Profile-Guided Optimisation#

Profile-Guided Optimisation (PGO) is a two-phase process: first build an instrumented binary, run it with a representative workload to collect profile data, then rebuild with the profile data to produce an optimised binary. LIBRA automates the compiler flags for both phases.

For the variable reference, see LIBRA_PGO in Variable reference.

1. Add PGO presets#

{
  "configurePresets": [
    {
      "name": "pgo-gen",
      "inherits": "base",
      "cacheVariables": {
        "CMAKE_BUILD_TYPE": "Release",
        "LIBRA_PGO": "GEN"
      }
    },
    {
      "name": "pgo-use",
      "inherits": "base",
      "cacheVariables": {
        "CMAKE_BUILD_TYPE": "Release",
        "LIBRA_PGO": "USE"
      }
    }
  ],
  "buildPresets": [
    { "name": "pgo-gen", "configurePreset": "pgo-gen" },
    { "name": "pgo-use", "configurePreset": "pgo-use" }
  ]
}

2. GEN phase — build and profile#

Build the instrumented binary and run it with a representative workload. The workload should cover the hot paths you want the compiler to optimise — typically your benchmarks or a realistic subset of your test suite.

clibra build --preset pgo-gen
./build/pgo-gen/my_application --representative-workload
cmake --preset pgo-gen
cmake --build --preset pgo-gen
./build/pgo-gen/my_application --representative-workload

3. Merge profile data (Clang only)#

GCC writes .gcda files directly in a form the USE phase can read. Clang writes .profraw files that must be merged first:

# Clang / Intel LLVM only
llvm-profdata merge \
  -output=build/pgo-gen/default.profdata \
  build/pgo-gen/default*.profraw

If you have multiple .profraw files from different runs, merge them all to produce a single .profdata:

llvm-profdata merge \
  -output=build/pgo-gen/merged.profdata \
  build/pgo-gen/*.profraw

4. USE phase — build the optimised binary#

clibra build --preset pgo-use
cmake --preset pgo-use
cmake --build --preset pgo-use

The compiler reads the profile data from the GEN build directory automatically (LIBRA passes the correct -fprofile-use= path). The resulting binary in build/pgo-use/ is tuned to the workload you ran in the GEN phase.

Note

For Clang, LIBRA passes -fprofile-use=build/pgo-gen/default.profdata by default. If you merged to a different path, set LIBRA_PGO_PROFILE_PATH in your pgo-use preset’s cacheVariables.
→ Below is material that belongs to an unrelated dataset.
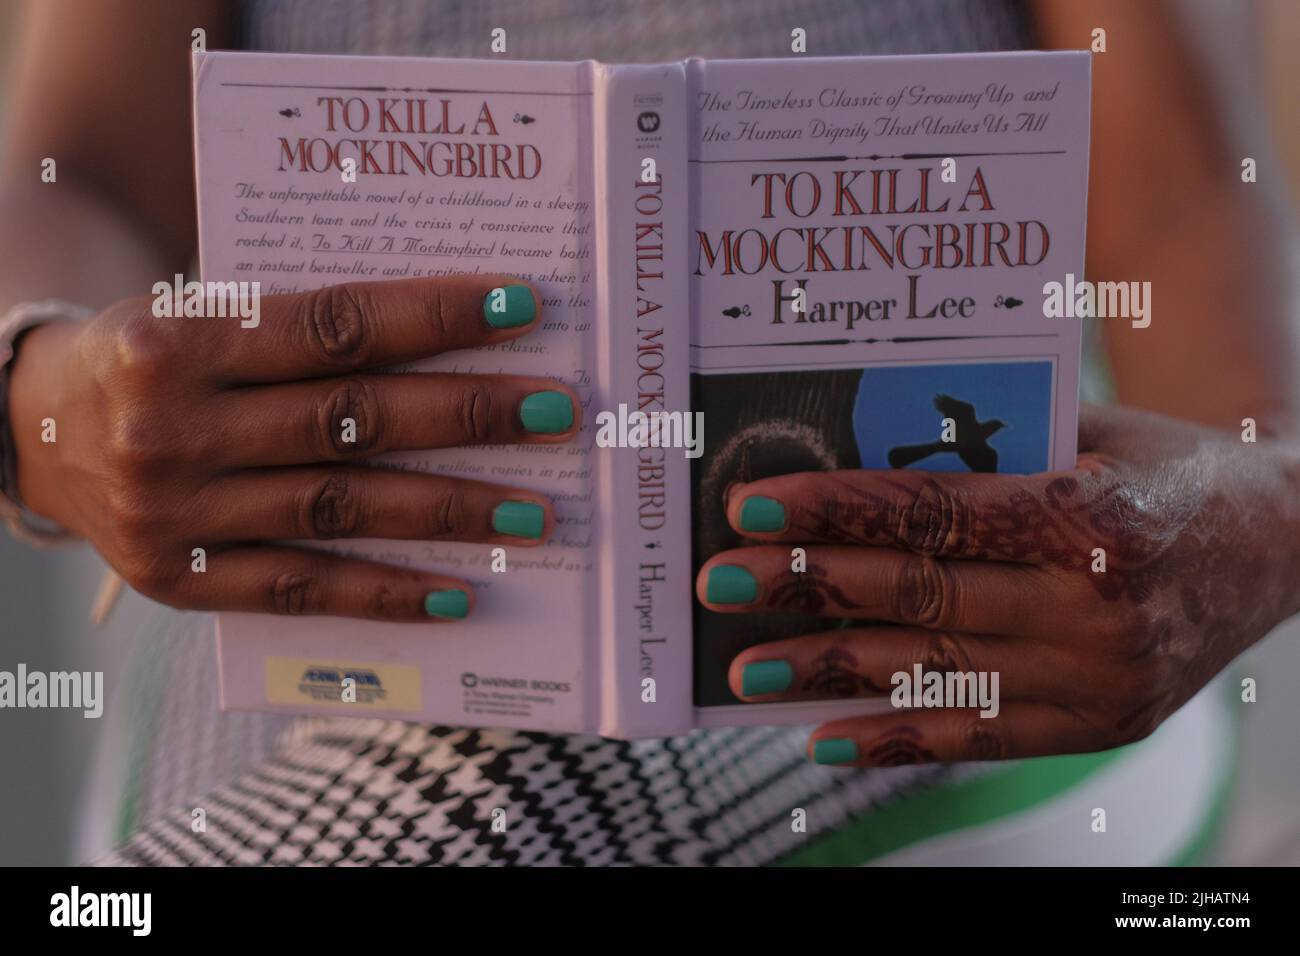 Black woman's hands with henna tattoo and aqua nails hold open the book, To Kill A Mockingbird, on legs wearing black and white houndstooth pants. Stock Photo
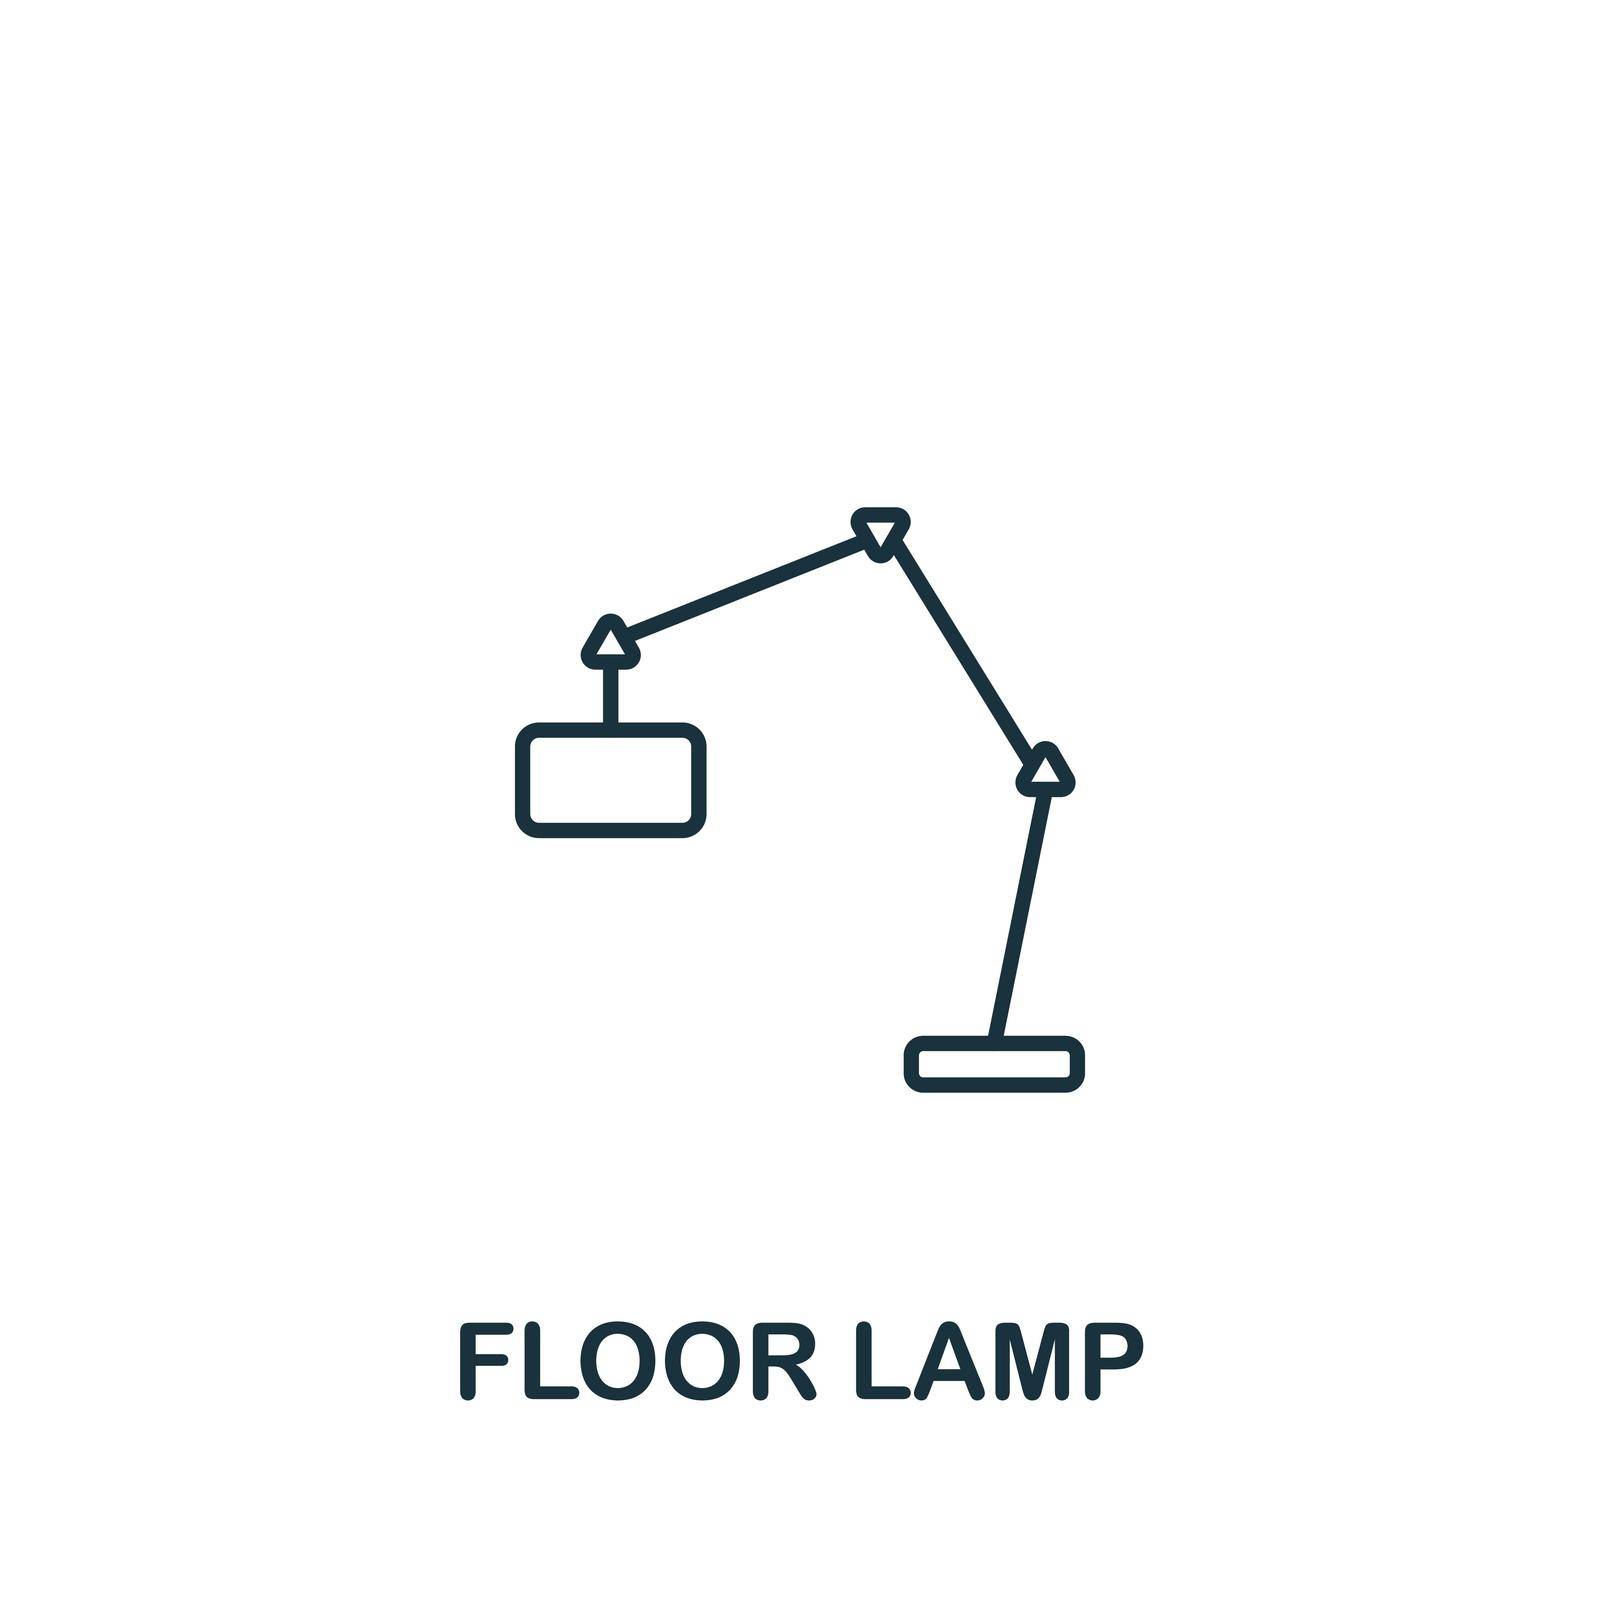 Floor Lamp icon. Line simple Interior Furniture icon for templates, web design and infographics by simakovavector

5. Verify the improvement#

Compare the instrumented and optimised binaries with your benchmark:

# Instrumented binary (GEN phase — slower due to instrumentation)
time ./build/pgo-gen/my_application --benchmark

# Optimised binary (USE phase)
time ./build/pgo-use/my_application --benchmark

Typical improvements are 5–20% for CPU-bound workloads. Memory-bound workloads see smaller gains.

Common issues#

“Profile data not found” during USE phase

The compiler looks for profile data relative to the build directory. Make sure the GEN binary was run from or wrote data to the expected location. For Clang, verify the .profdata file exists at build/pgo-gen/default.profdata.

“Profile data out of date” warnings

The source changed between the GEN and USE builds. The compiler falls back to non-PGO optimisation for affected functions. Re-run the GEN phase with the current source before rebuilding with USE.

Low workload coverage

If the workload only exercises 20% of the code, PGO only helps that 20%. Profile data from test suites tends to cover more code paths than a single benchmark run — consider running the full test suite as the GEN workload if individual benchmarks are insufficient.